INTRAVENOUS ETOMIDATE SHOULD BE ADMINISTERED ONLY BY PERSONS TRAINED IN THE ADMINISTRATION OF GENERAL ANESTHETICS AND IN THE MANAGEMENT OF COMPLICATIONS ENCOUNTERED DURING THE CONDUCT OF GENERAL ANESTHESIA.
BECAUSE OF THE HAZARDS OF PROLONGED SUPPRESSION OF ENDOGENOUS CORTISOL AND ALDOSTERONE PRODUCTION, THIS FORMULATION IS NOT INTENDED FOR ADMINISTRATION BY PROLONGED INFUSION.
Do not administer unless solution is clear and container is undamaged. Discard unused portion (see DOSAGE AND ADMINISTRATION).
1. Carcinogenesis, Mutagenesis, Impairment of Fertility:
No carcinogenesis or mutagenesis studies have been carried out on etomidate. The results of reproduction studies showed no impairment of fertility in male and female rats when etomidate was given prior to pregnancy at 0.31, 1.25 and 5 mg/kg (approximately 1X, 4X and 16X human dosage).
2. Pregnancy Category C.
Etomidate has been shown to have an embryocidal effect in rats when given in doses 1 and 4 times the human dose. There are no adequate and well-controlled studies in pregnant women. Etomidate should be used during pregnancy only if the potential benefit justifies the potential risks to the fetus. Etomidate has not been shown to be teratogenic in animals. Reproduction studies with etomidate have been shown to:
a. Decrease pup survival at 0.3 and 5 mg/kg in rats (approximately 1X and 16X human dosage) and at 1.5 and 4.5 mg/kg in rabbits (approximately 5X and 15X human dosage). No clear dose-related pattern was observed.
b. Increase slightly the number of stillborn fetuses in rats at 0.3 and 1.25 mg/kg (approximately 1X and 4X human dosage).
c. Cause maternal toxicity with deaths of 6/20 rats at 5 mg/kg (approximately 16X human dosage) and 6/20 rabbits at 4.5 mg/kg (approximately 15X human dosage).
3. Labor and Delivery:
There are insufficient data to support use of intravenous etomidate in obstetrics, including Caesarean section deliveries. Therefore, such use is not recommended.
4. Nursing Mothers:
It is not known whether this drug is excreted in human milk. Because many drugs are excreted in human milk, caution should be exercised when etomidate is administered to a nursing mother.
5. Pediatric Use:
There are inadequate data to make dosage recommendations for induction of anesthesia in patients below the age of ten (10) years; therefore, such use is not recommended (see also DOSAGE AND ADMINISTRATION).
6. Geriatric Use:
Clinical data indicates that etomidate may induce cardiac depression in elderly patients, particularly those with hypertension (see CLINICAL PHARMACOLOGY and OTHER ADVERSE OBSERVATIONS, Circulatory System).

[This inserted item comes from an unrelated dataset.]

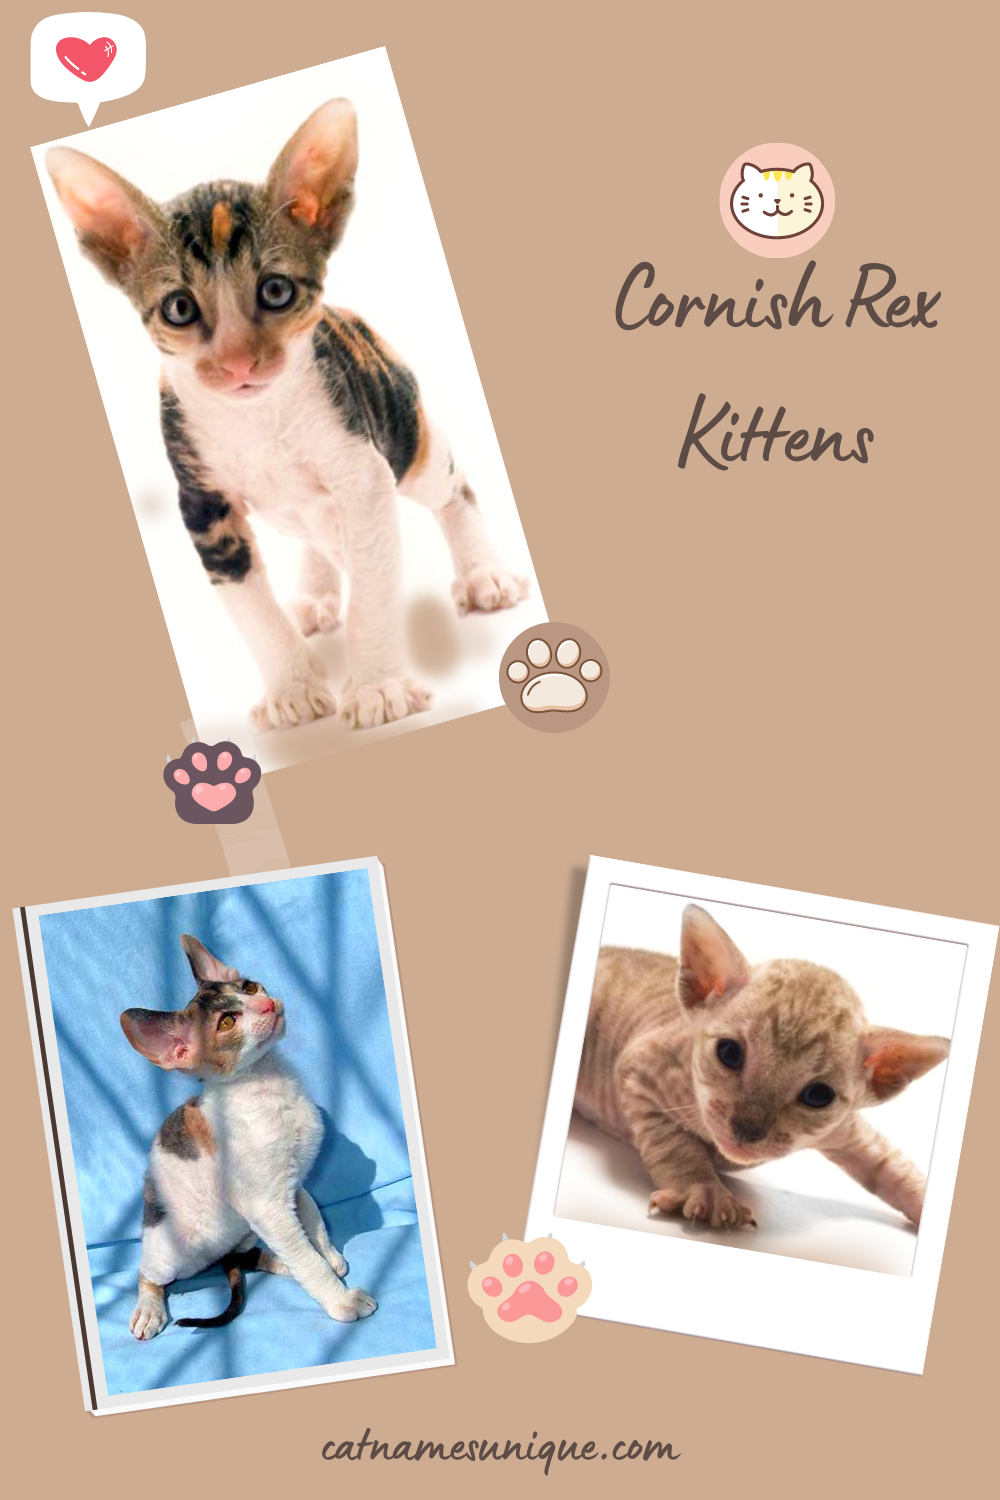 Cornish Rex Kittens

Elderly patients may require lower doses of etomidate than younger patients. Age-related differences in phamacokinetic parameters have been observed in clinical studies (see CLINICAL PHARMACOLOGY and DOSAGE AND ADMINISTRATION).
This drug is known to be substantially excreted by the kidney, and the risk of toxic reactions to this drug may be greater in patients with impaired renal function. Because elderly patients are more likely to have decreased renal function, care should be taken in dose selection and it may be useful to monitor renal function.
7. Plasma Cortisol Levels: Induction doses of etomidate have been associated with reduction in plasma cortisol and aldosterone concentrations (see CLINICAL PHARMACOLOGY). These have not been associated with changes in vital signs or evidence of increased mortality; however, where concern exists for patients undergoing severe stress, exogenous replacement should be considered.